The problem we have written here (no matter which equivalent formulation we used) is what we call the primal linear program. It’s now time for you to learn about the dual linear program! The dual program will totally change our understanding of the problem, and that’s why it’s so cool. I hope you are as excited as I am!

In the primal program, constraints had constant numbers on their right. These constant numbers are our ressources. They say what we are able to do concerning each constraint. The dual problem consists in evaluating how much our combined ressources are worth. If the offer meets the demand, our ressources will be just as much as their potentials, which is the worth of the robbery. Sweet, right?

Let’s go more into details. In the dual problem we will attribute values to the ressources (as in “how much they’re worth”). These values are called the dual variables. In our case, we have two constraints, so we will have 2 dual variables. The first dual variable, let’s call it $value_{\textrm{volume}}$ refers to the value of one unit of volume. As you have figured it out, the second dual variable refers to the value of one unit of weight. $value_{\textrm{weight}}$ seems like a right name for it, right?

Now, I bet you can write the value of the robbery with these two new variables… Let’s see if we get the same result.

$$\textrm{Total Value} = value_{\textrm{volume}} \textrm{Volume}_{\textrm{limit}} + value_{\textrm{weight}} \textrm{Weight}_{\textrm{limit}}$$

If I wanted to sell my ressources, potential buyers are going to minimize the value of my ressources. So their valuations are the minimum of the total value. But as a seller, I will argue that each of my ressource is worth a lot, because it enables the robbery of more gold and more bills.

Obviously, the values of ressources depend on the actual values of gold and bills per volume. Let’s have a thought about the value of gold (and then you’ll be able to apply the same reasoning to bills). If the constraints enabled us to steal one more volume of gold, then incremental value of the robbery would be at least the value of this one volume of gold, right? It could be more, if we use the new constraints to steal something else than gold that’s worth more. What I’m saying is that, if the total volume enabled us to steal one more unit of volume of gold, and if we could carry one more unit of weight of one volume of gold, then the value of this incremental steal would be at least the value of one more volume of gold. Let’s write it.

$$value_{\textrm{volume}} + value_\textrm{weight} \textrm{Density}_\textrm{gold} \geq \textrm{Value}_\textrm{gold}$$

I’ll let you write the similar constraint for bills.

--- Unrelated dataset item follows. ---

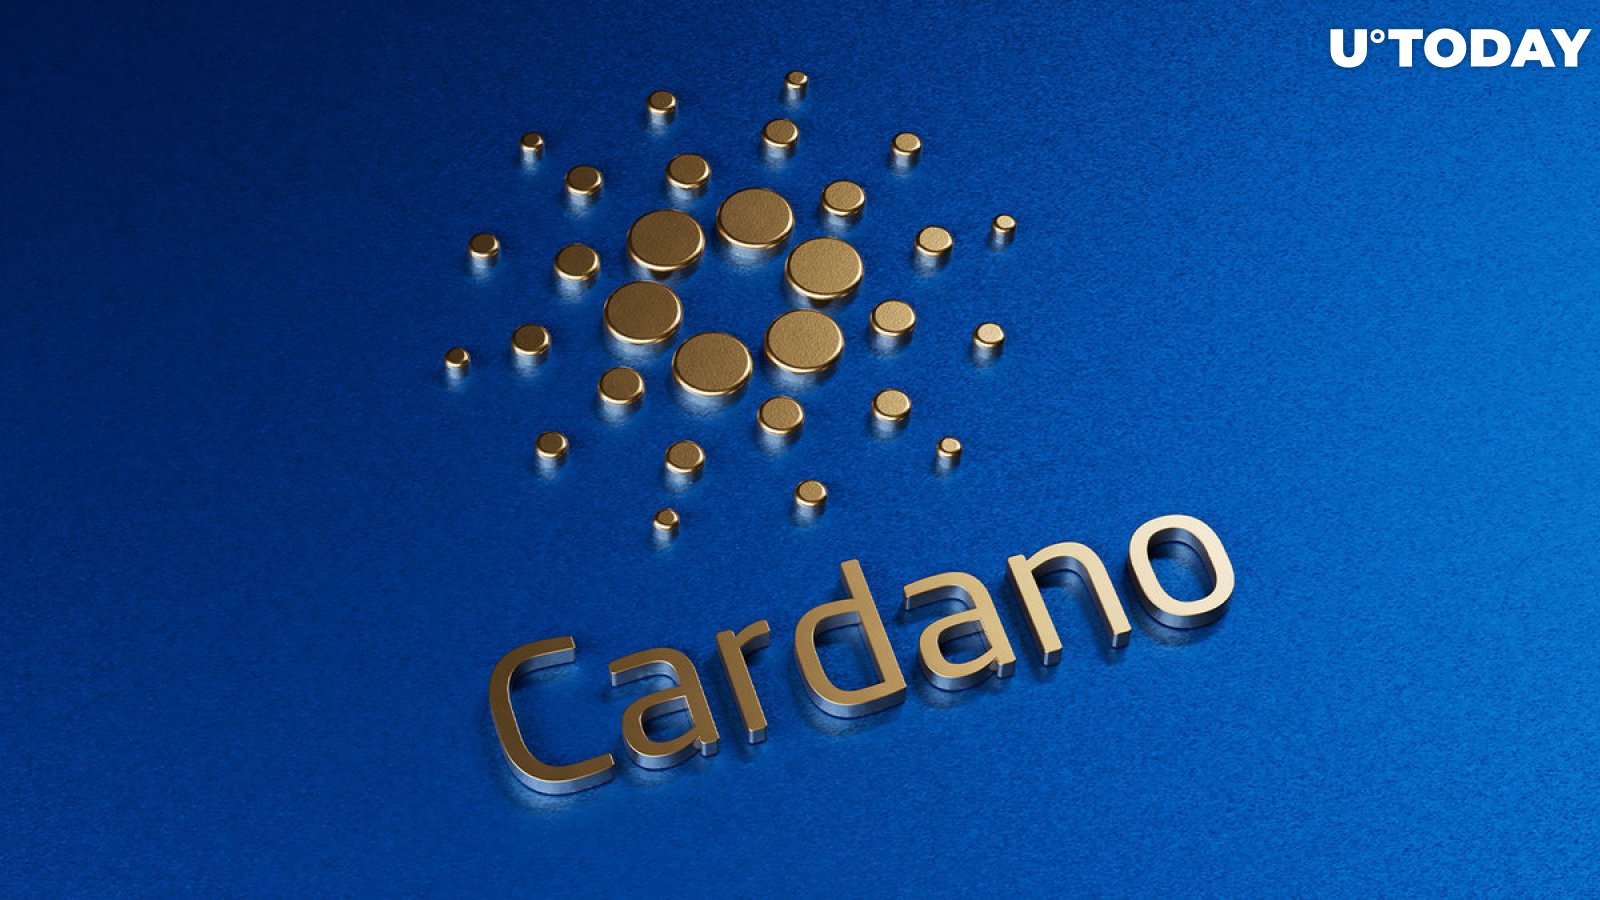 Cardano-Based Stablecoin Djed on Track to Be Launched This Month 
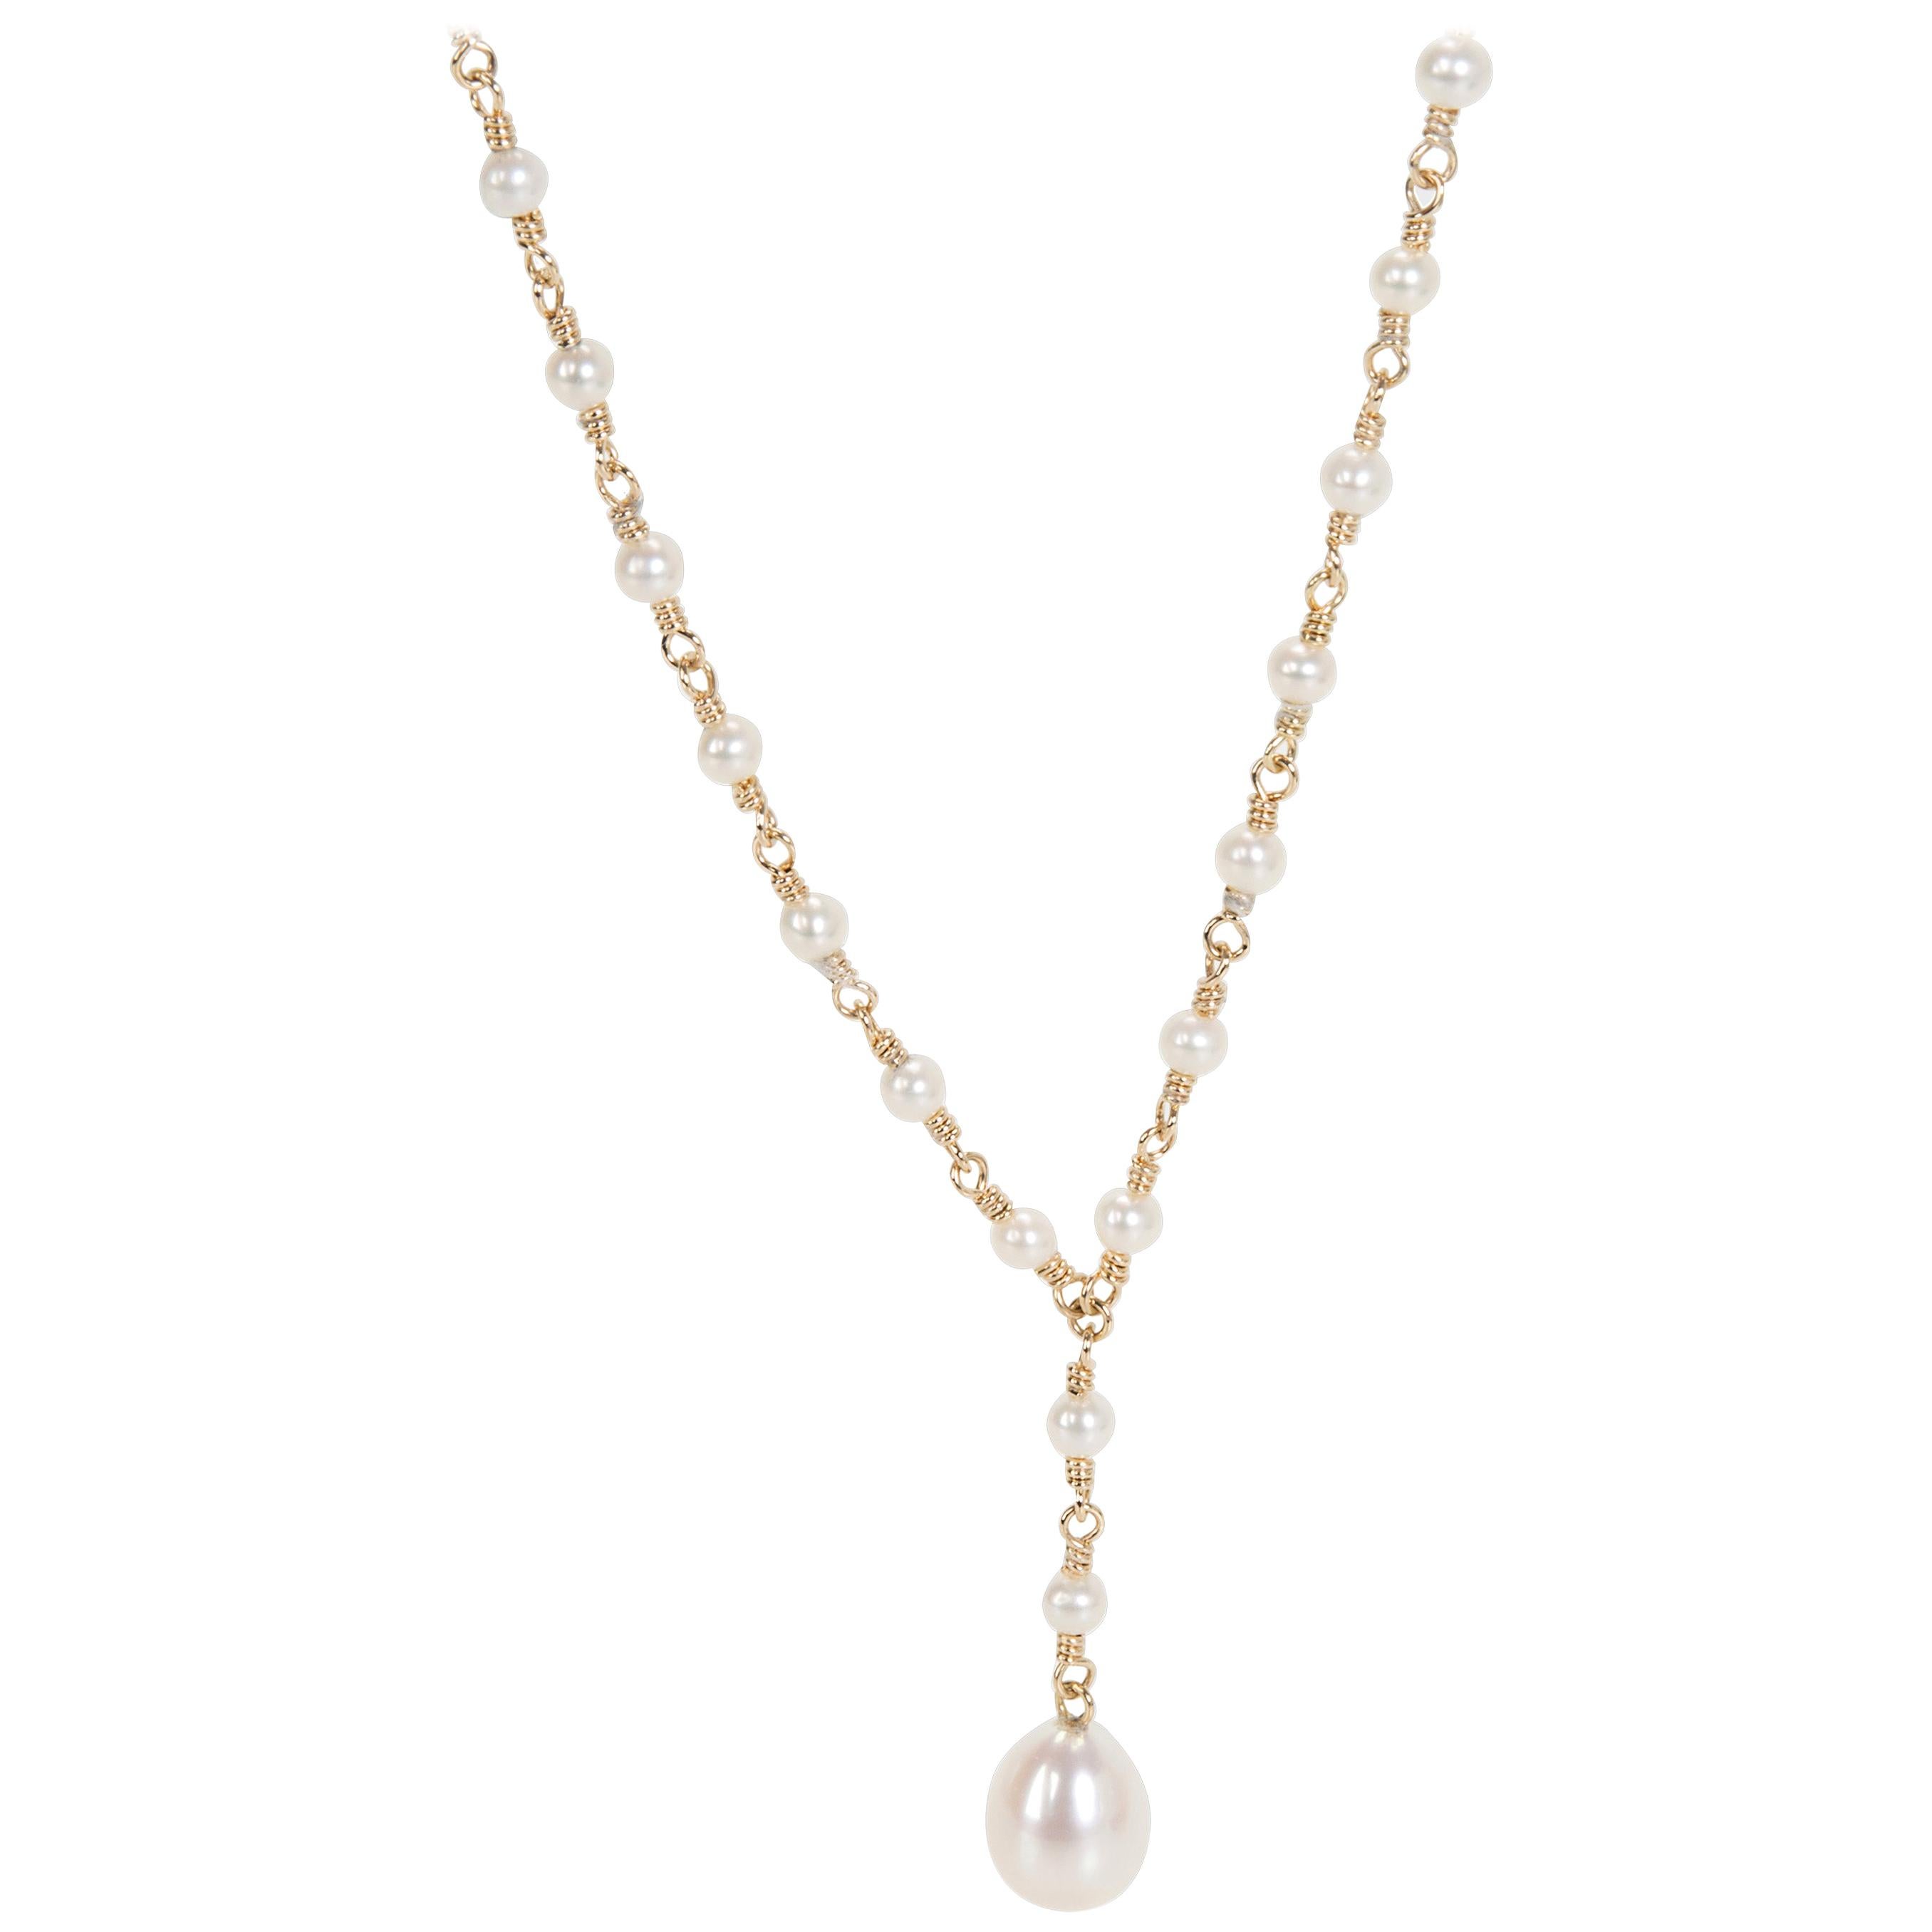 Tiffany & Co. Pearl Necklace in 18 Karat Yellow Gold

In fact, we can do this reasoning with any variable of the primal problem and ask ourselves the question: “If we add one unit of the variable, how will it affect the total valuation?” From that we deduce a constraint on dual variables. As you see, any variable in the primal problem is associated with a constraint in the dual problem and vice-versa.

We are almost done. Let’s notice the fact that if we increase the total volume, then we have more possibilities for the primal variables, which are the volumes of stolen gold and bills. Therefore, the value of a unit of volume cannot be negative. This adds two more constraints on the sign of dual variables. Now, we’re done and we can write the dual problem.

$$\textrm{Minimise} \quad value_{\textrm{volume}} \textrm{Volume}_{\textrm{limit}} + value_{\textrm{weight}} \textrm{Weight}_{\textrm{limit}} \\\\

\textrm{Subject to} \quad value_{\textrm{volume}} + value_\textrm{weight} \textrm{Density}_\textrm{gold} \geq \textrm{Value}_\textrm{gold} \\

\textrm{} \qquad \qquad \quad \;\; value_{\textrm{volume}} + value_\textrm{weight} \textrm{Density}_\textrm{bills} \geq \textrm{Value}_\textrm{bills} \\

\textrm{} \qquad \qquad \quad \;\; value_\textrm{volume} \geq 0 \\

\textrm{} \qquad \qquad \quad \;\; value_\textrm{weight} \geq 0 $$

And it always does! The dual program of a linear program is a linear program! Let’s have a look at the feasible set.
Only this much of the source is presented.